3. Lack of Abuse or Tax Avoidance: If an arrangement satisfies the LoB clause conditions, it implies that there is no abuse or tax
avoidance motive as per the treaty provisions. Applying GAAR in such cases would be tantamount to disregarding the treaty's anti-
avoidance safeguards.
4. Procedural Fairness and Certainty: Investors obtain Tax Residency Certificates (TRCs) based on their compliance with LoB
clauses.
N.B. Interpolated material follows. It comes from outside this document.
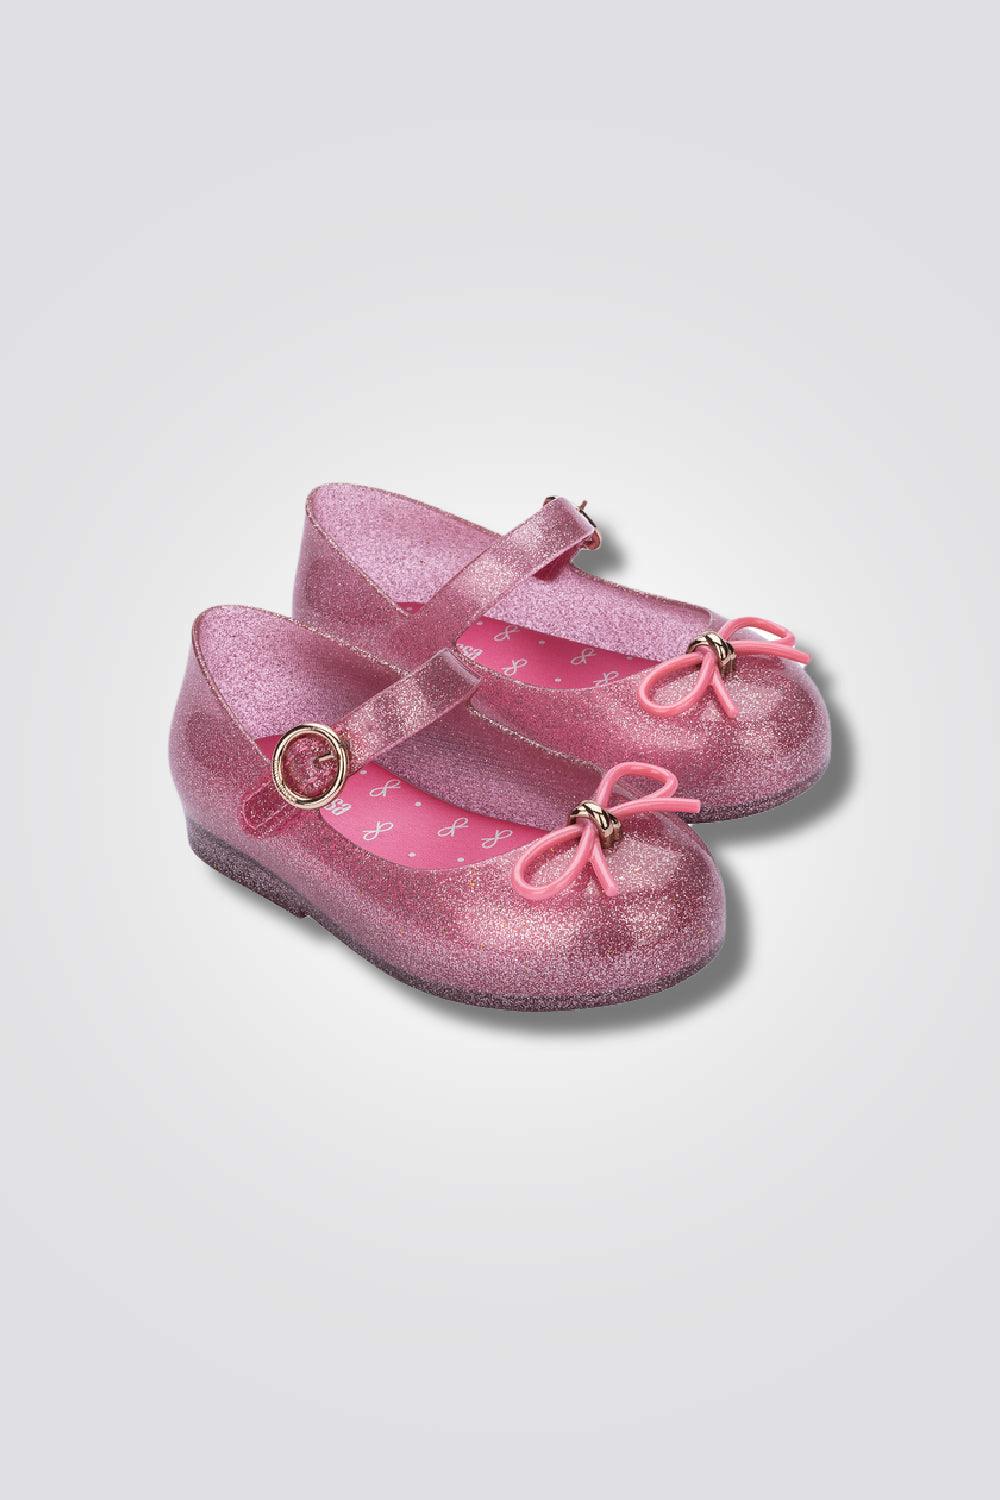 MELISSA - נעלי בובה SWEET LOVE ורוד נצנץ - MASHBIR//365

Subjecting them to GAAR afterwards undermines procedural fairness and the certainty they should have after obtaining a
TRC.
5. Potential for Excessive Taxation: GAAR consequences like disregarding, re-characterizing, or re-allocating expenses/revenues can
lead to excessive taxation, even in cases where the taxpayer has genuinely complied with the LoB clause provisions.
ARGUMENTS FOR APPLYING GAAR FOR LOB CLAUSES

1. Broader Anti-Avoidance Coverage: Despite satisfying the specific LoB tests, the tax authorities may argue that GAAR provides a
broader anti-avoidance coverage to scrutinize arrangements more comprehensively for any abusive tax planning or treaty shopping
attempts, or for transactions lacking commercial substance beyond what the LoB clause captures. Ex: Azadi Bachao Andolan for
the Indo-Mauritus Treaty controversy.
2. Evolving Nature of Tax Avoidance Schemes: Tax avoidance schemes and treaty shopping strategies are constantly evolving.
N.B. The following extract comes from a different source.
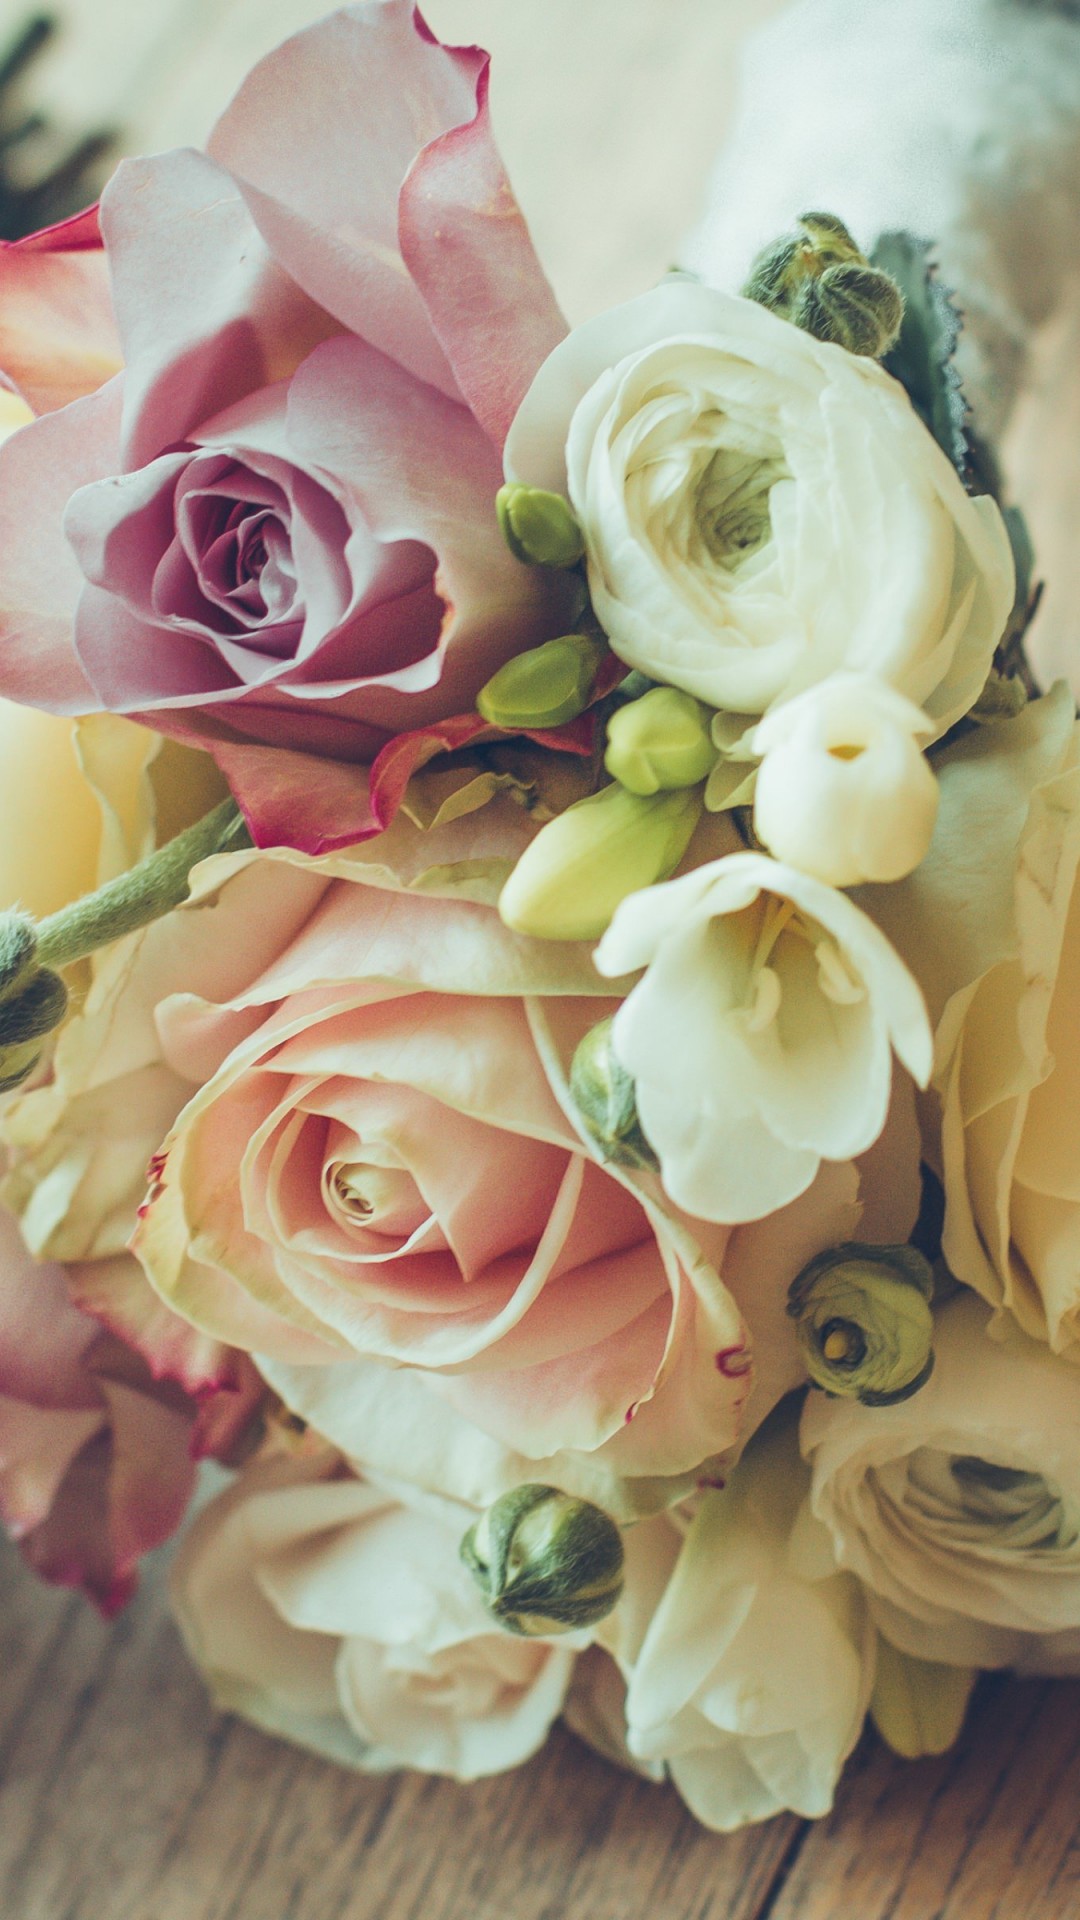 Roses Bouquet Composition Wallpaper for Google Nexus 5

GAAR, being a general anti-avoidance provision, can address new and innovative forms of treaty abuse that may not be covered by
the relatively narrow scope of LoB clauses.
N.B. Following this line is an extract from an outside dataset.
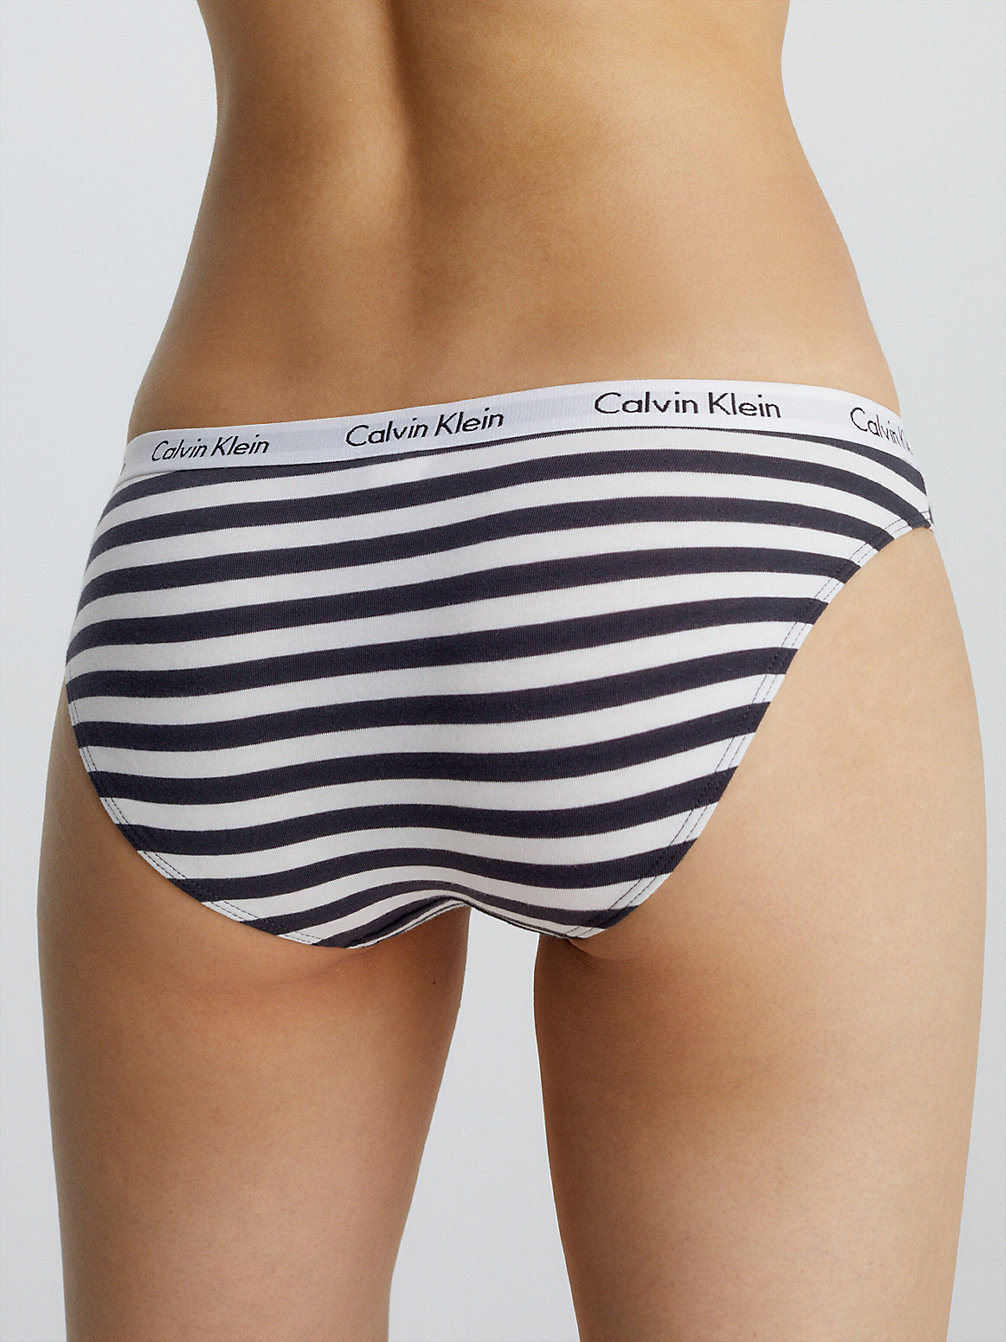 Slip Bikini - Carousel > RAINER/BLUE GRAPHITE > undefined donna > Calvin Klein

3. Overarching Policy Against Tax Avoidance: The government may argue that its overarching policy stance against tax avoidance
and base erosion should take precedence. Applying GAAR alongside LoB clauses reinforces this policy objective and ensures a
more stringent scrutiny of arrangements.
4. Additional Revenue Protection: From a revenue protection perspective, the tax authorities may contend that applying GAAR in
addition to LoB clauses provides an extra layer of safeguard against potential revenue leakages due to aggressive tax planning
strategies.
5. Interpretation of Non-Obstante Clause: The non-obstante clause in Section 90(2A) of the Income Tax Act can be interpreted as
giving overriding effect to GAAR provisions over tax treaties. This legal interpretation could be used to justify the application of
GAAR even in LoB-compliant cases.
CONCLUSION

The implementation of GAAR, when aligned with the principles of LOB clauses and supported by judicious judicial
interpretation, offers a balanced and effective strategy against tax avoidance. It ensures that India's tax laws are
respected and that foreign investments are made with legitimate intentions. Therefore, while recognizing the value of
LOB clauses in protecting treaty benefits, the nuanced application of GAAR is essential for maintaining the integrity
of India's tax system and its attractiveness as an investment destination.
The recommendation by Shome Committee for tax treaties to include bilaterally negotiated anti-abuse provisions,
rather than relying solely on GAAR, suggests a collaborative approach to tax avoidance. This supports the stance that
GAAR should not be a unilateral tool but part of a broader, treaty-based strategy to address tax evasion.